Shan Junhao, Wang Lei
School of Statistics and Data Science, KLMDASR, LEBPS and LPMC, Nankai University, Tianjin, People's Republic of China.
J Appl Stat. 2024 Feb 11;51(14):2719-2743. doi: 10.1080/02664763.2024.2315467. eCollection 2024.

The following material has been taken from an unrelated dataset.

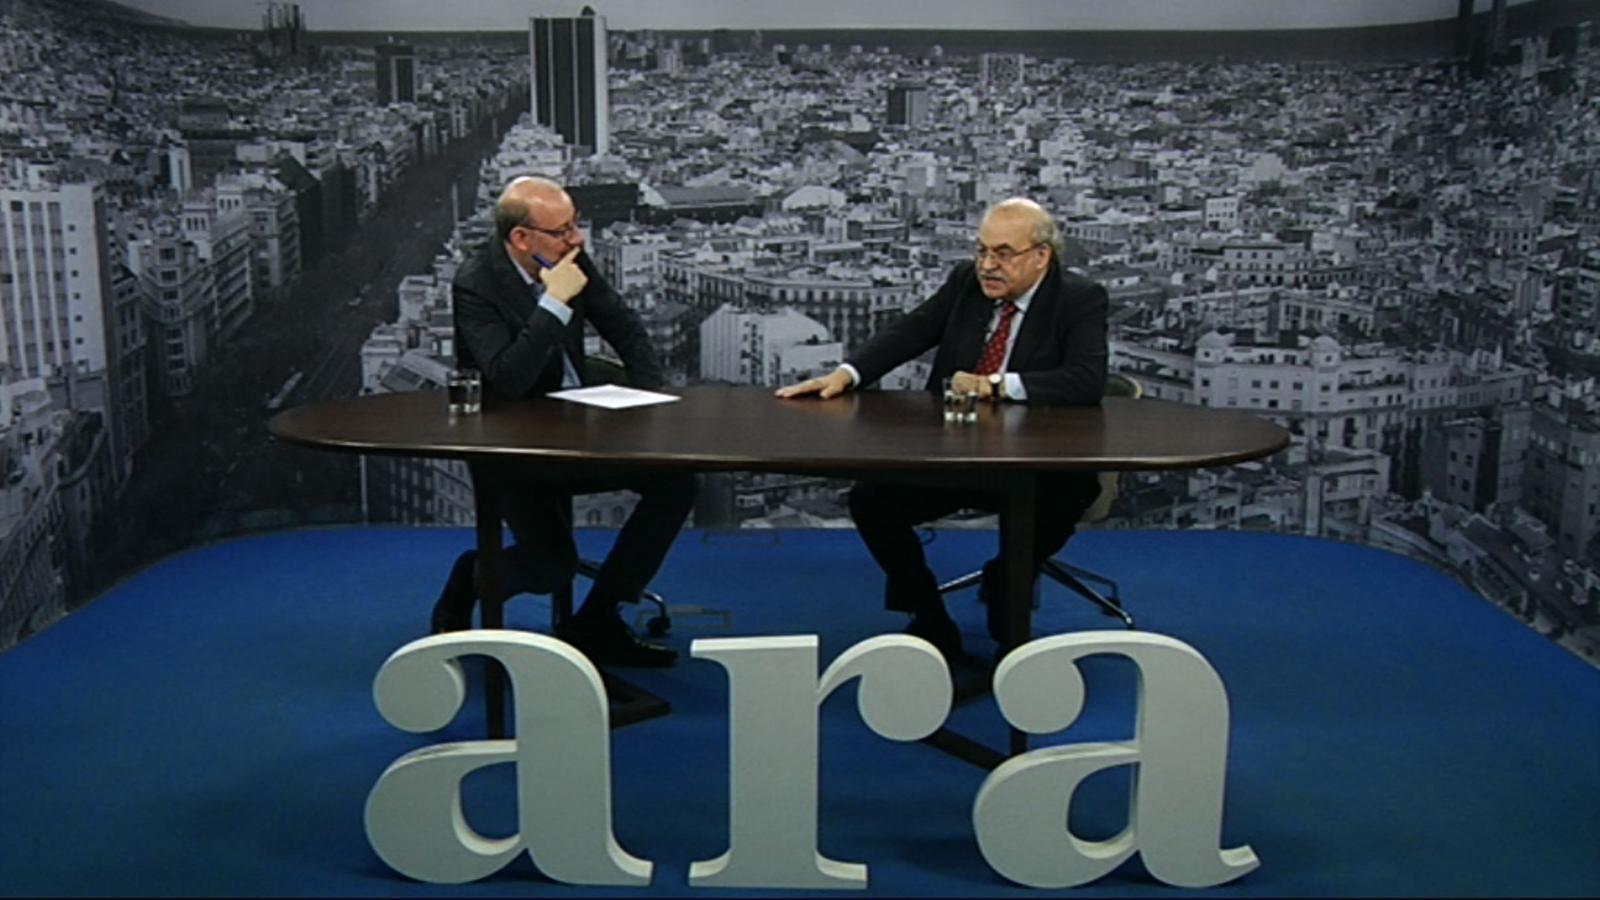 Entrevista d'Antoni Bassas a Andreu Mas-Colell

For high-dimensional generalized linear models (GLMs) with massive data, this paper investigates a unified optimal Poisson subsampling scheme to conduct estimation and inference for prespecified low-dimensional partition of the whole parameter. A Poisson subsampling decorrelated score function is proposed such that the adverse effect of the less accurate nuisance parameter estimation with slow convergence rate can be mitigated. The resultant Poisson subsample estimator is proved to enjoy consistency and asymptotic normality, and a more general optimal subsampling criterion including A- and L-optimality criteria is formulated to improve estimation efficiency. We also propose a two-step algorithm for implementation and discuss some practical issues. The satisfactory performance of our method is validated through simulation studies and a real dataset.
对于具有海量数据的高维广义线性模型(GLMs),本文研究了一种统一的最优泊松子采样方案,用于对整个参数的预先指定的低维划分进行估计和推断。提出了一种泊松子采样去相关得分函数,以减轻收敛速度较慢的不太准确的干扰参数估计的不利影响。结果表明,所得的泊松子样本估计器具有一致性和渐近正态性,并制定了一个更通用的最优子采样准则,包括A-最优和L-最优准则,以提高估计效率。我们还提出了一种两步算法用于实现,并讨论了一些实际问题。通过模拟研究和一个真实数据集验证了我们方法的良好性能。